Wenn sie über Privatsphäre In der Online-Welt wird die meiste Aufmerksamkeit auf den Inhalt der Kommunikation gerichtet - den Text der Nachricht, die aufgezeichnete Datei, das Video des Anrufs. Weniger sichtbar, aber oft genauso wichtig, sind die Metadaten: Informationen darüber, wer wann und wie kommuniziert hat. In diesem Text werde ich versuchen, den Unterschied zwischen Inhalt und Metadaten zu erklären, zu zeigen, was man aus Metadaten herauslesen kann, und - was am wichtigsten ist - wie man vernünftig und nicht paranoid damit umgeht.
Was sind Kommunikationsinhalte und was sind Kommunikationsmetadaten?
Der Inhalt der Kommunikation ist das, was wir intuitiv als „Nachricht“ wahrnehmen.
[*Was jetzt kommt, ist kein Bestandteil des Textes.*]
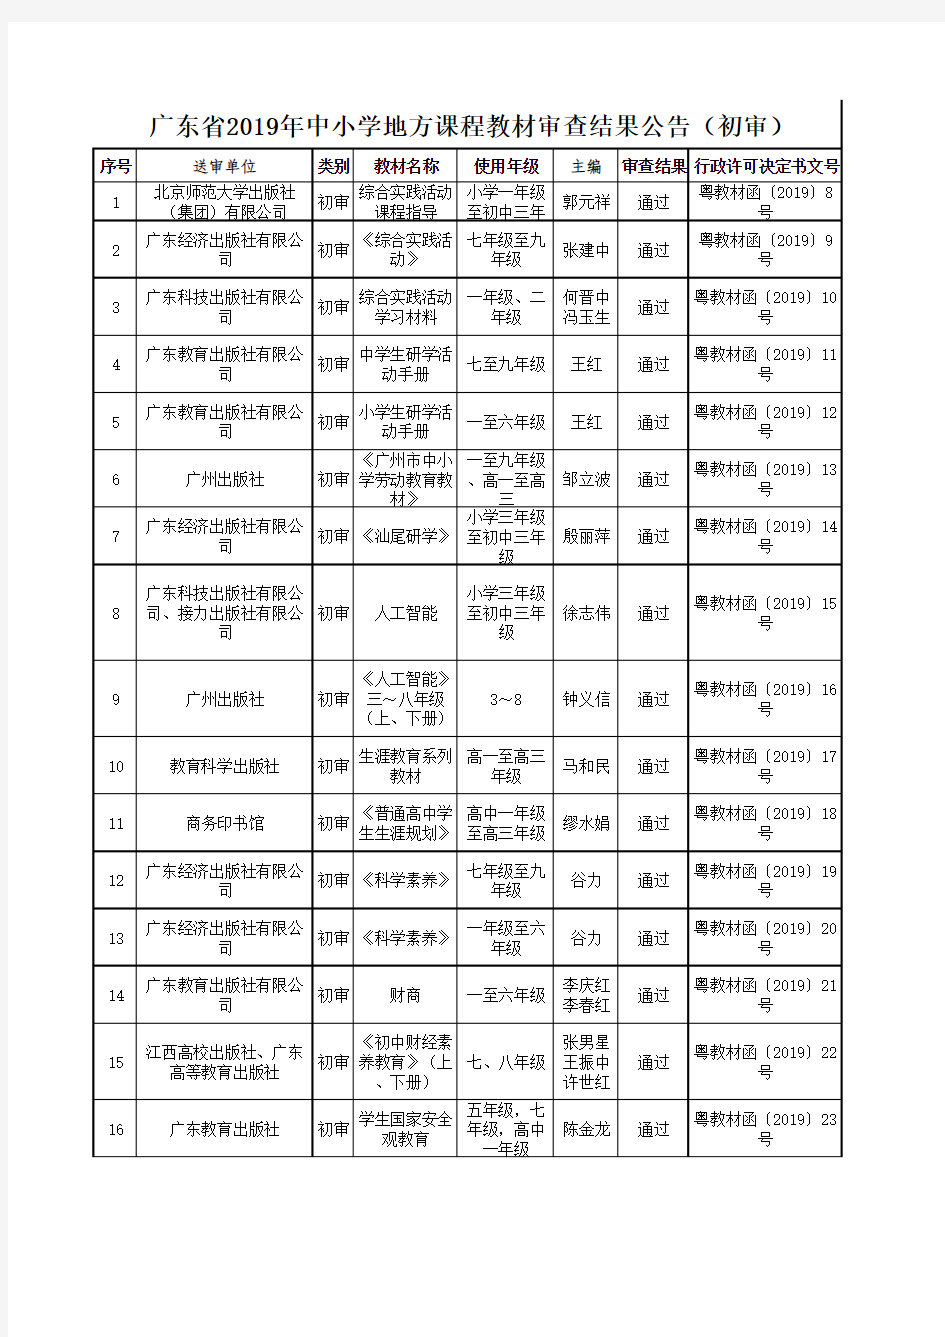 广东省2019年中小学地方课程教材审查结果公示
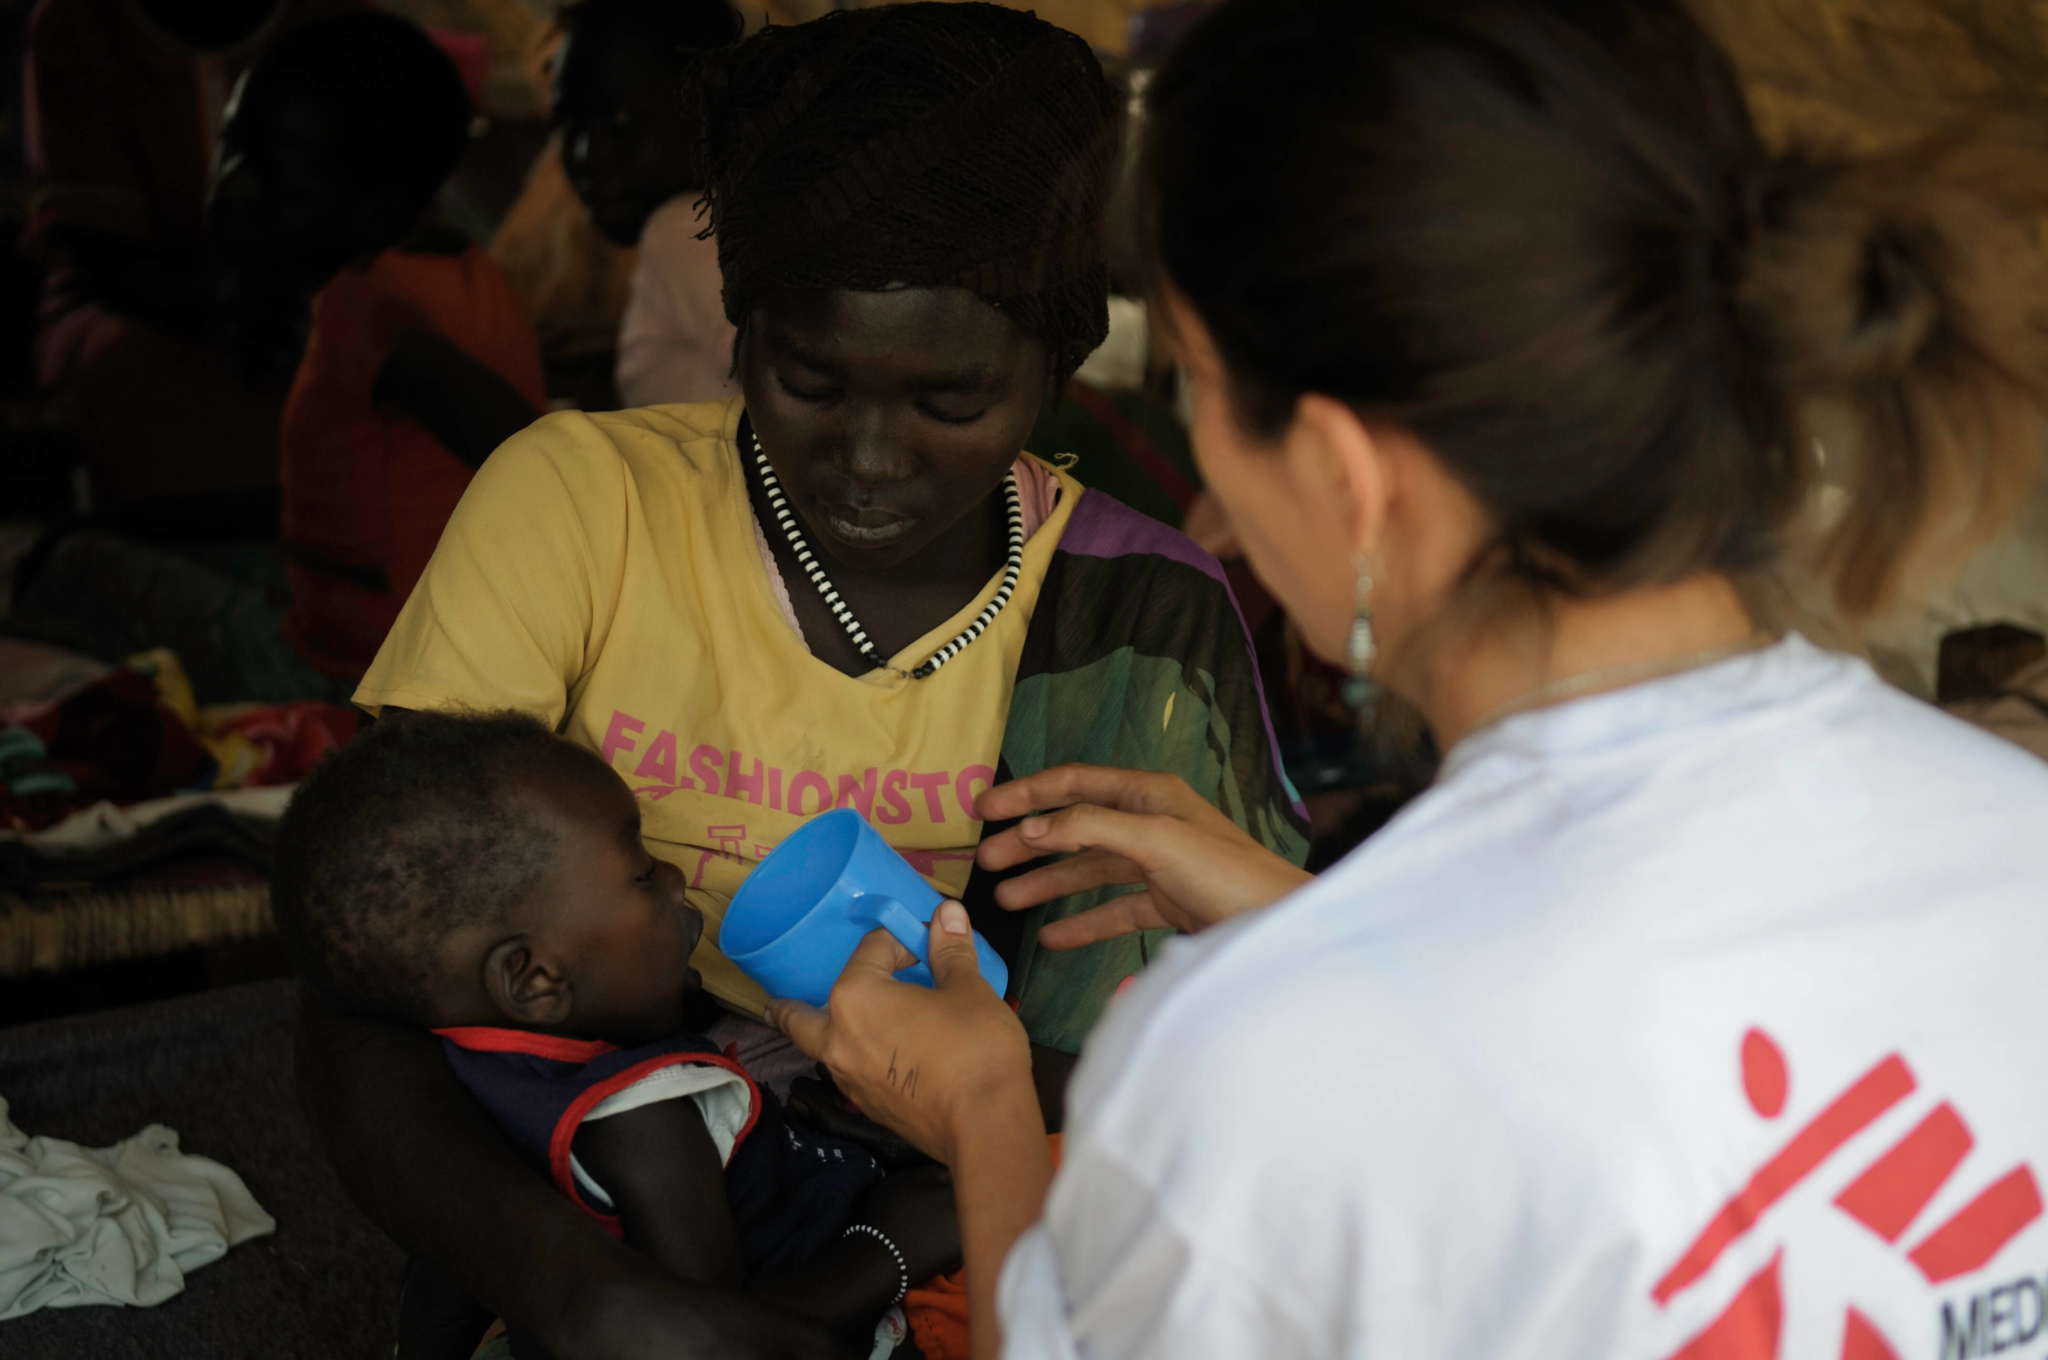 A enfermeira Natalia Bustos na clínica de MSF no acampamento de Doro. MSF alerta que a oferta de ajuda humanitária precisa ser ampliada com urgência, pois  a estação de chuvas se aproxima e os refugiados correm grande risco de ficar isolados, sem água e alimentos.

Der Text einer E-Mail, eine Stimme in einem Telefonat, ein Bild in einer Videokonferenz, ein Dokument in einem Anhang. Wenn die Kommunikation verschlüsselt ist, ist es dieser Inhalt, der geschützt werden sollte, damit kein Unbefugter ihn lesen oder abhören kann.
Kommunikations-Metadaten hingegen sind Informationen o Kommunikation. Dazu gehören in der Regel: wer mit wem kommuniziert (Konten, E-Mail-Adressen, Telefonnummern), wann die Kommunikation stattfindet und wie lange sie dauert, welche IP-Adressen und von welchem Standort aus jemand eine Verbindung herstellt, wie viele Daten fließen und wie oft, welche Geräte, Anwendungen oder Protokolle verwendet werden. Der konkrete Umfang dieser Daten ist je nach Dienst und Betreiber unterschiedlich.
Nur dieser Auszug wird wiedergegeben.